Mutations in receptor tyrosine kinase (RTK) growth factor receptors (epidermal growth factor receptor, platelet-derived growth factor receptor, MET and ERBB2), which result in downstream activation ...of the RAS/RAF/MEK/ERK mitogen-activated protein kinase (MAPK) pathway and PI(3)K/Akt pathway, are found in almost all high-grade gliomas and MAPK signaling is necessary for continued glioma maintenance. In addition, BRAF is mutated in the majority of low-grade gliomas and its expression and activity is significantly increased in the majority of high-grade gliomas. Although the importance of RTKs and RAS signaling in glioma development has been shown, the role of BRAF has yet to be characterized.
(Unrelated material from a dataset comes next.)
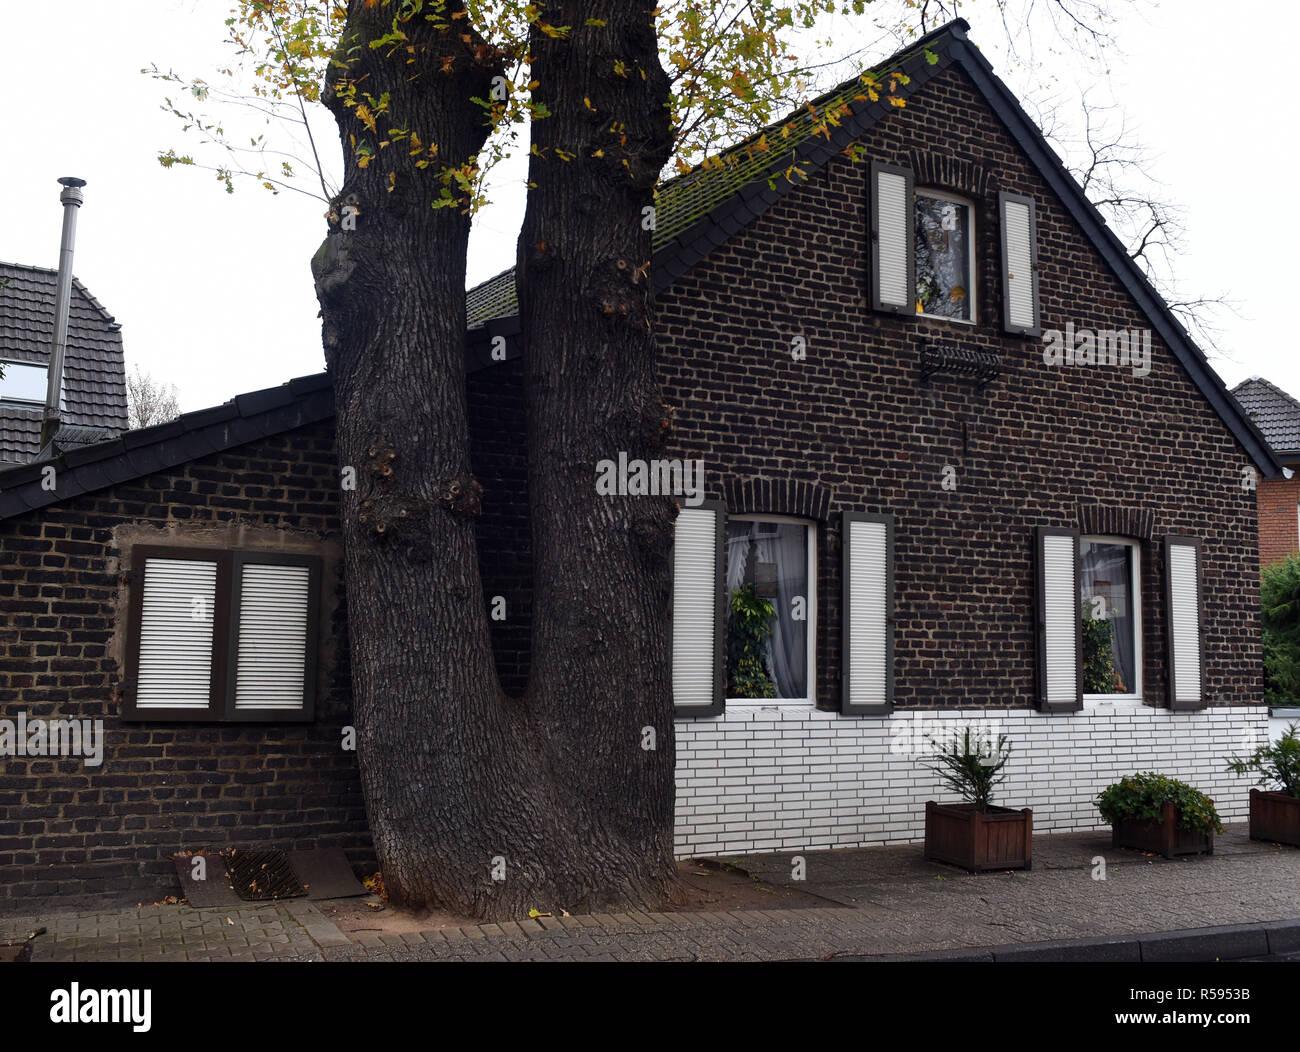 29 de noviembre de 2018, Renania del Norte - Westfalia, Düsseldorf: Un doble-trunk oak está muy cerca de la fachada de una pequeña casa de ladrillo. Foto: Horst Ossinger/dpa Foto de stock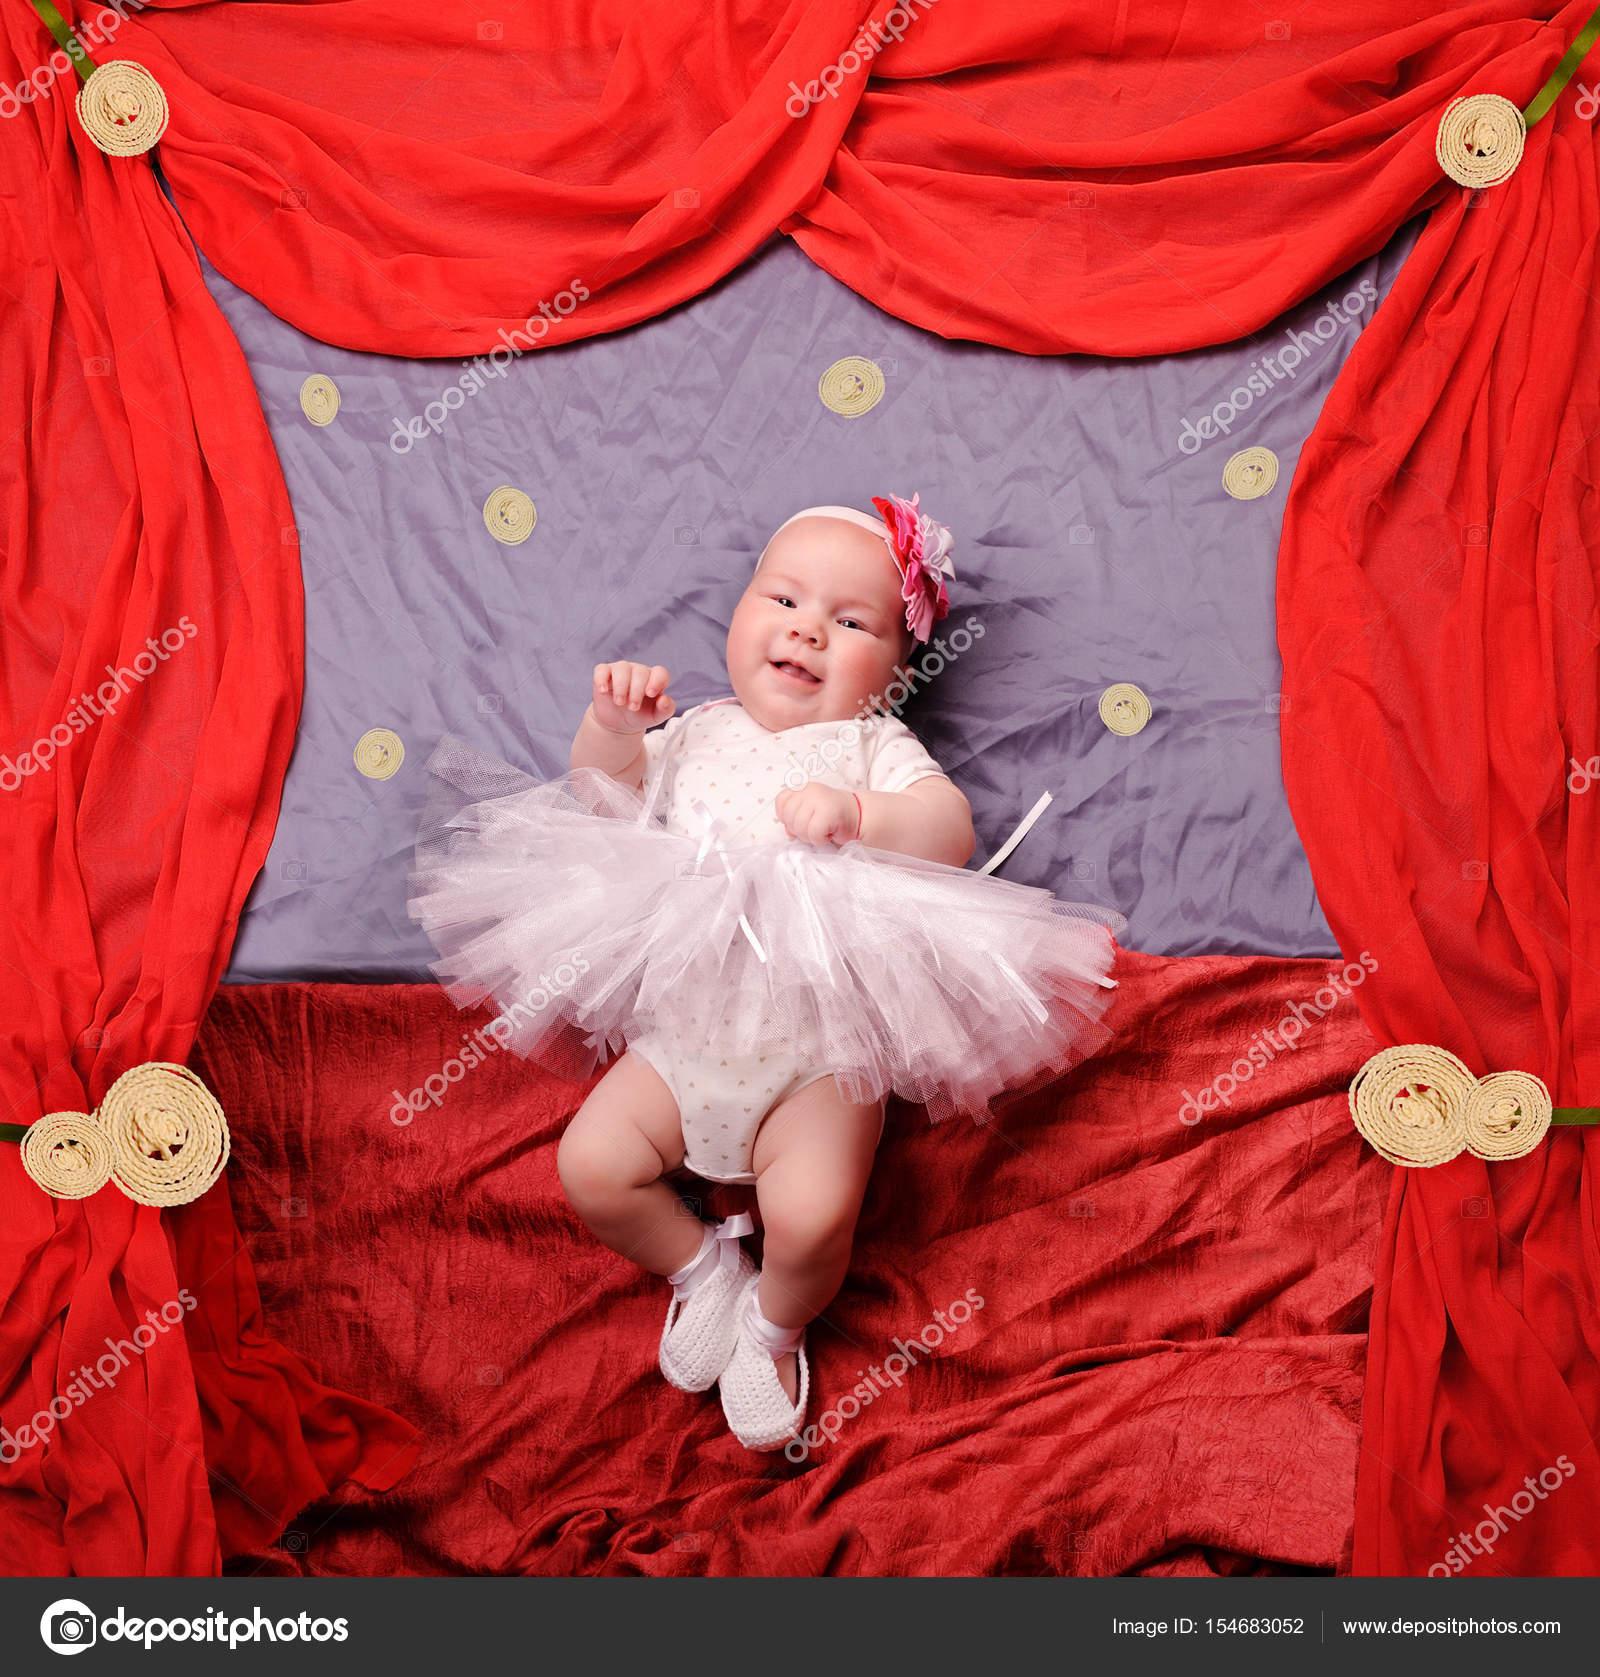 Neonata Infantile Indossa Bianco Ballerina Tutu E Scarpette All

We evaluated the effect of activated BRAF in glioma formation using the retroviral replication-competent avian leukosis virus long terminal repeat, splice acceptor (RCAS)/TVA system to transfer genes encoding activated forms of BRAF, KRas, Akt and Cre to nestin-expressing neural progenitor cells in Ink4a/Arf(lox/lox) mice in vivo. Although expression of activated BRAF alone is not sufficient for tumorigenesis, the combination of activated BRAF and Akt or BRAF with Ink4a/Arf loss is transforming. Interestingly, activated BRAF generates gliomas with characteristics similar to activated KRas in the context of Akt but not Ink4a/Arf loss. Our studies show a role for BRAF activation and signaling in glioma development and as potential target for glioma therapy.